If the clock in the diagram above is a wrist watch, even a 1.09mA current may overload its alarm circuitry. In that case, you may use two transistors as shown in the diagram below. This is called a darlington.
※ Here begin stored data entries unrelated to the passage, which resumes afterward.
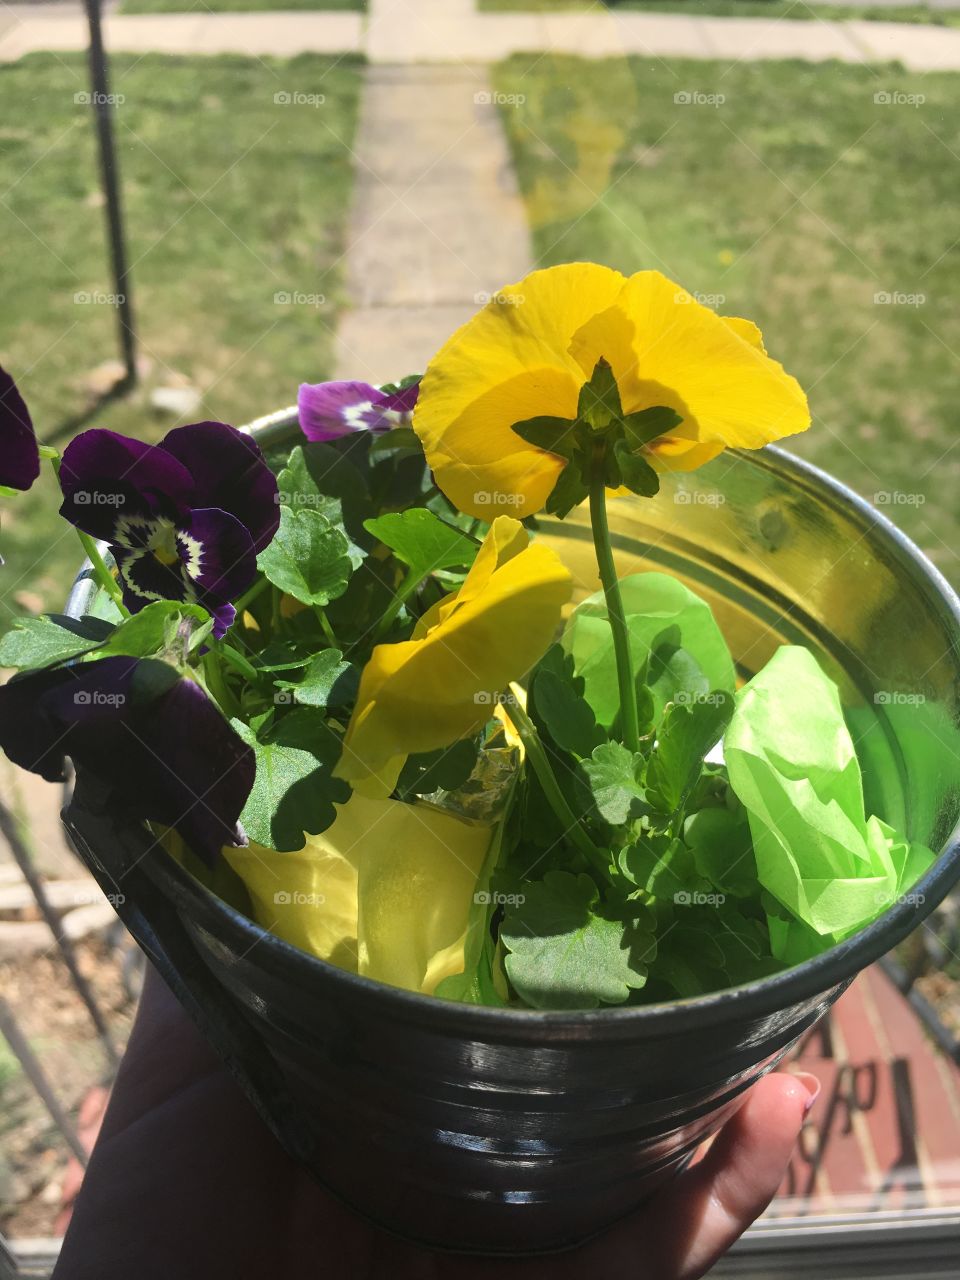 Flowers in a Pot 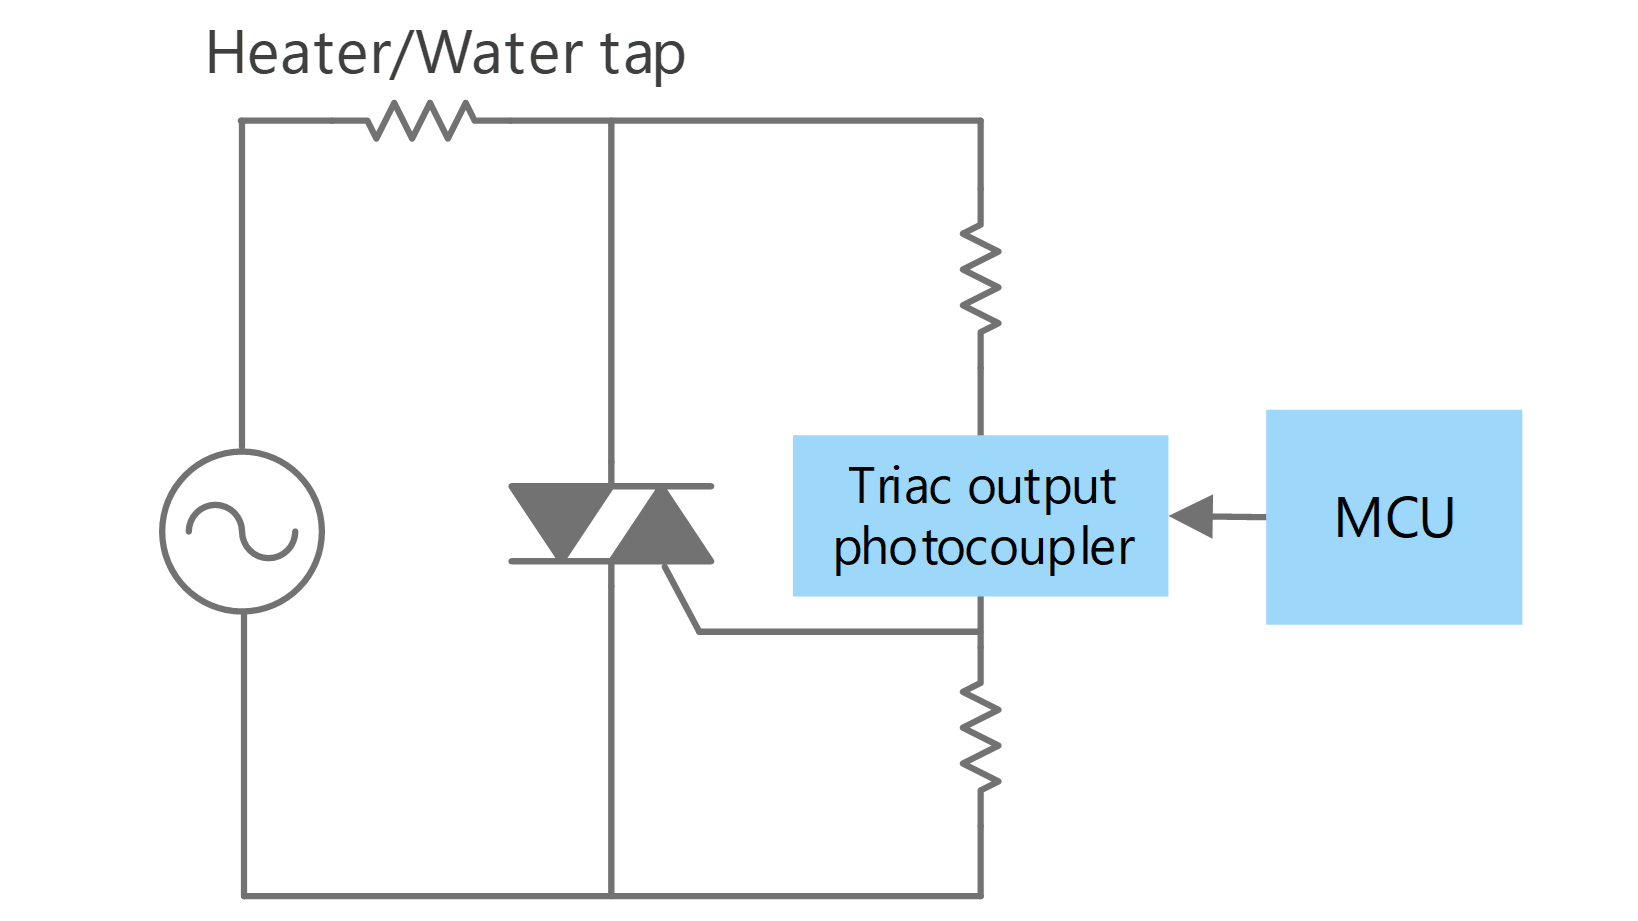 Heater/Water tap control circuit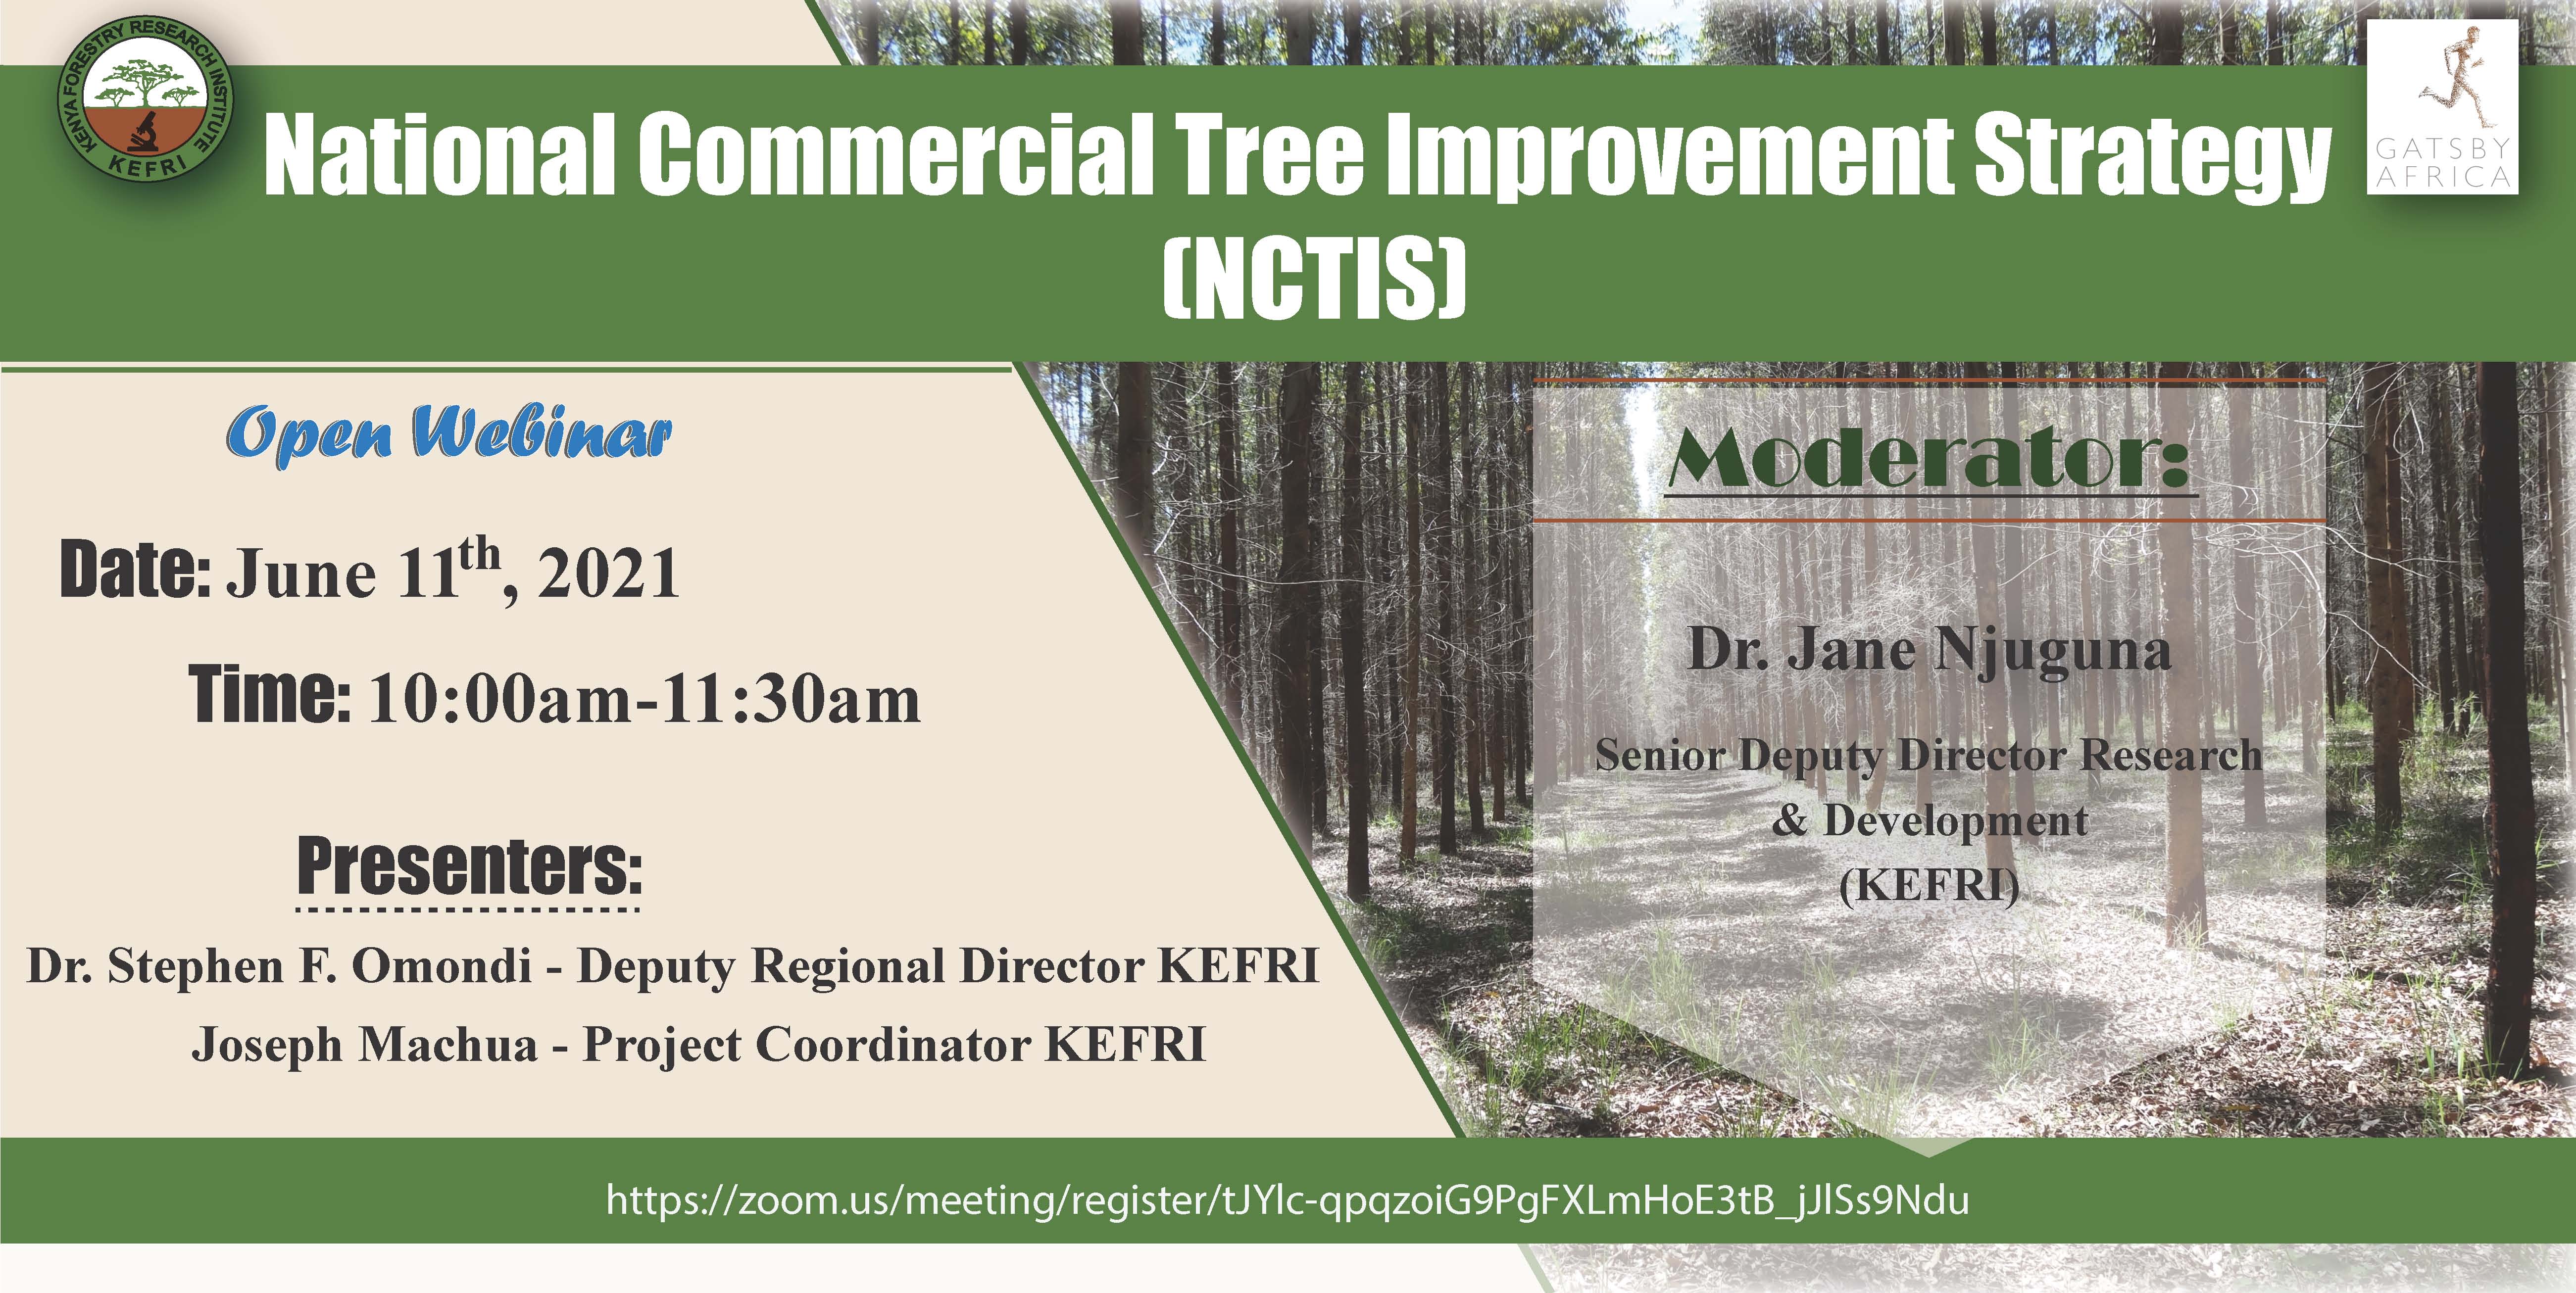 Stakeholder Webinar on National Commercial Tree Improvement Strategy

A darlington can be considered as a single transistor with the following characteristics:
VBE,darlington=VBE1+VBE2
IB,darlington=IB1. IC1= hFE1∙IB1. IC2=hFE2∙IB2=hFE2∙IE1=hFE2∙(hFE1+1)∙IB1. IC,darlington=IC1+IC2=hFE1∙IB1+hFE2∙(hFE1+1)∙IB1=(hFE1+(hFE1+1)∙hFE2)∙IB1. hFE,darlington=IC,darlington/IB,darlington=hFE1+(hFE1+1)∙hFE2. hFE1>>1 => hFE,darlington=hFE1+hFE1∙hFE2. hFE1∙hFE2>>hFE1 => hFE,darlington=hFE1∙hFE2.
Let's now recalculate a proper value for RB. Assume T1's current gain is 300 and T2's current gain is 100.
IC,darlington = 9/100=90mA. hFE,darlington=300∙100=30000. VBE,darlington=1.2V.
The voltage across RB equals 3V-1.2V=1.8V => RB < 1.8V/3µA = 600k. 560k is a safe value. IB,darlington will be 1.8/560k = 3.21µA.